Real Estate Daily Recap
Best & Worst Performance Today Across the REIT Sector
Net Lease: Today we published Net Lease REITs: Inflation Risk Persists on the Income Builder Marketplace. One of the more "bond-like" and rate-sensitive REIT sectors, net lease REITs have surprisingly been among the best-performing property sectors this year despite the challenging rising-rate environment. Even with rent growth significantly lagging inflation, net lease REITs are still on-pace for double-digit earnings growth as robust accretive external growth has more than offset the drag from muted property-level growth. Net lease REIT investors aren't buying the "new normal" of permanently elevated inflation and while our base case is that inflation will return to the 2-3% level by the end of next year as pandemic-era fiscal policy normalizes, there appears to be some complacency reflected in valuations of REITs more exposed to upside inflation risks. In the report, we take a deep-dive into the inflation risk across the sector.

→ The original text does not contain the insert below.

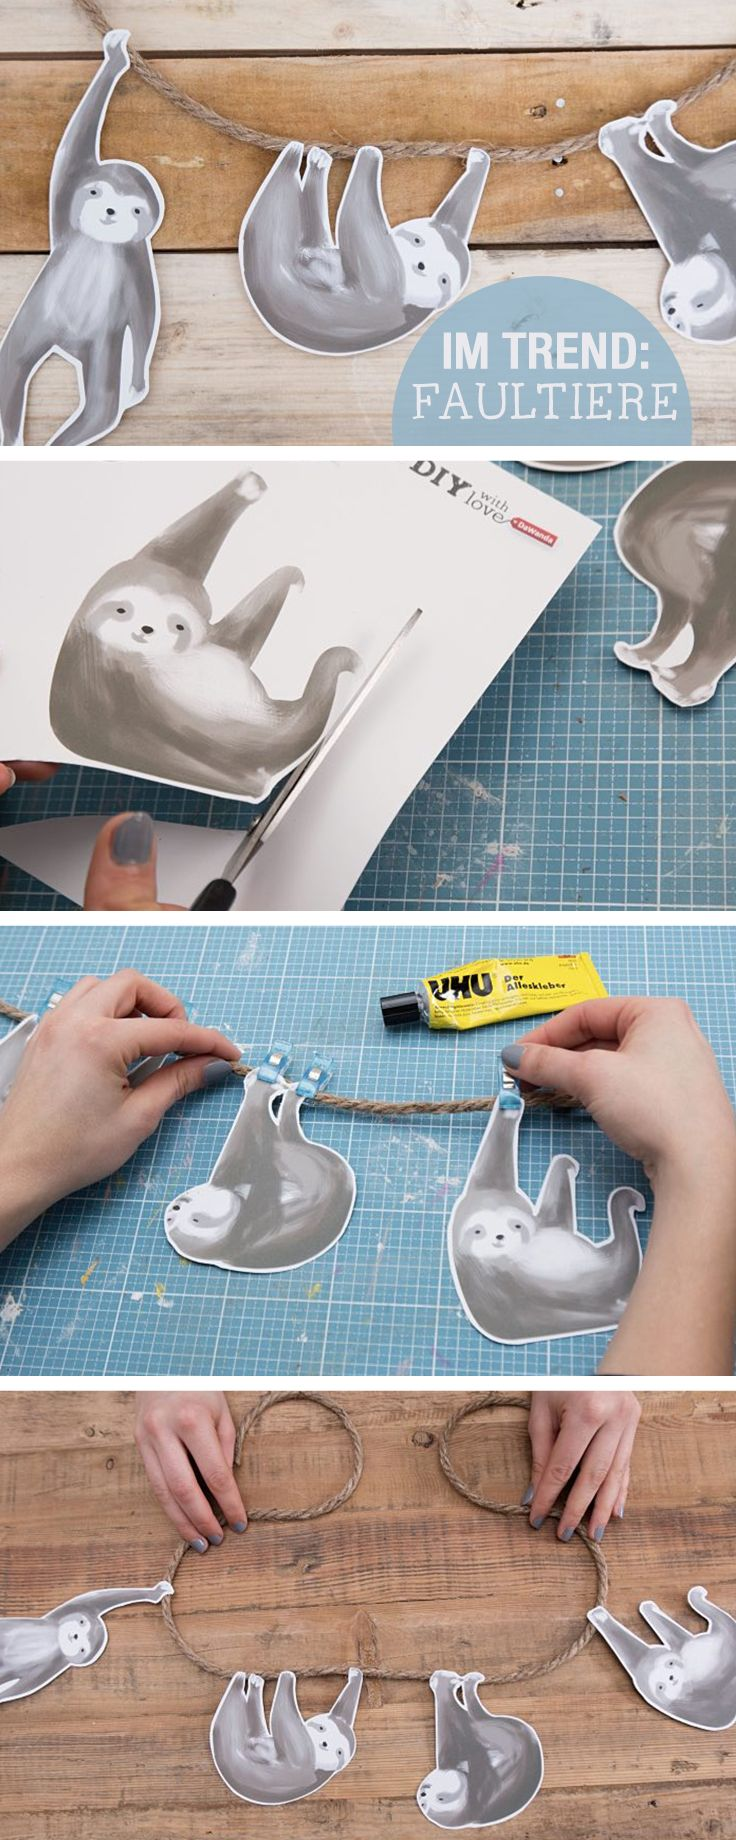 DIY-Anleitung: Girlande aus Faultieren basteln / diy tutorial: make a sloth garland, home decor, printable via DaWanda.com

Single-Family Rentals: Last Friday, we published Single Family Rental REITs: Renting the American Dream. One of the best-performing property sectors over the past quarter, SFR REITs have been beneficiaries of surging mortgage rates, which has made renting single-family homes a relative bargain. Single-family rents rose at the fastest pace on record through mid-2022, an elevated pace that has staying-power given the significant 'embedded' rent growth resulting from below-market renewal offers as SFR REITs have "throttled" rent hikes on existing tenants. Cooling home price appreciation and tightening credit conditions have prompted many smaller SFR investors to pull back, providing a more favorable external growth environment for the three SFR REITs - American Homes (AMH), Invitation Homes (INVH), and Tricon Residential (TCN).
Mortgage REIT Daily Recap
Per the REIT Rankings Tracker available to Income Builder subscribers, mortgage REITs held up relatively well amid the market carnage as residential mREITs declined by 2.5% while commercial mREITs declined by 3.1%. After the close today, five mREITs declared dividends that were in line with their current rate - KKR Real Estate (KREF), TPG Real Estate (TRTX), Redwood Trust (RWT), MFA Financial (MFA), and Apollo Commercial (ARI). We've seen 13 mREITs increase their dividend this year and 4 dividend cuts.
Economic Data This Week
Inflation data highlight a busy week of economic data in the week ahead of the Fed's September meeting. Following today's Consumer Price Index report, tomorrow we'll see the Producer Price Index for August. Friday, we'll get our first look at Michigan Consumer Sentiment for September. The Fed is particularly interested in the 5-Year Inflation Expectations survey, looking for signs of a potential "wage-price inflation spiral" through elevated consumer wage expectations.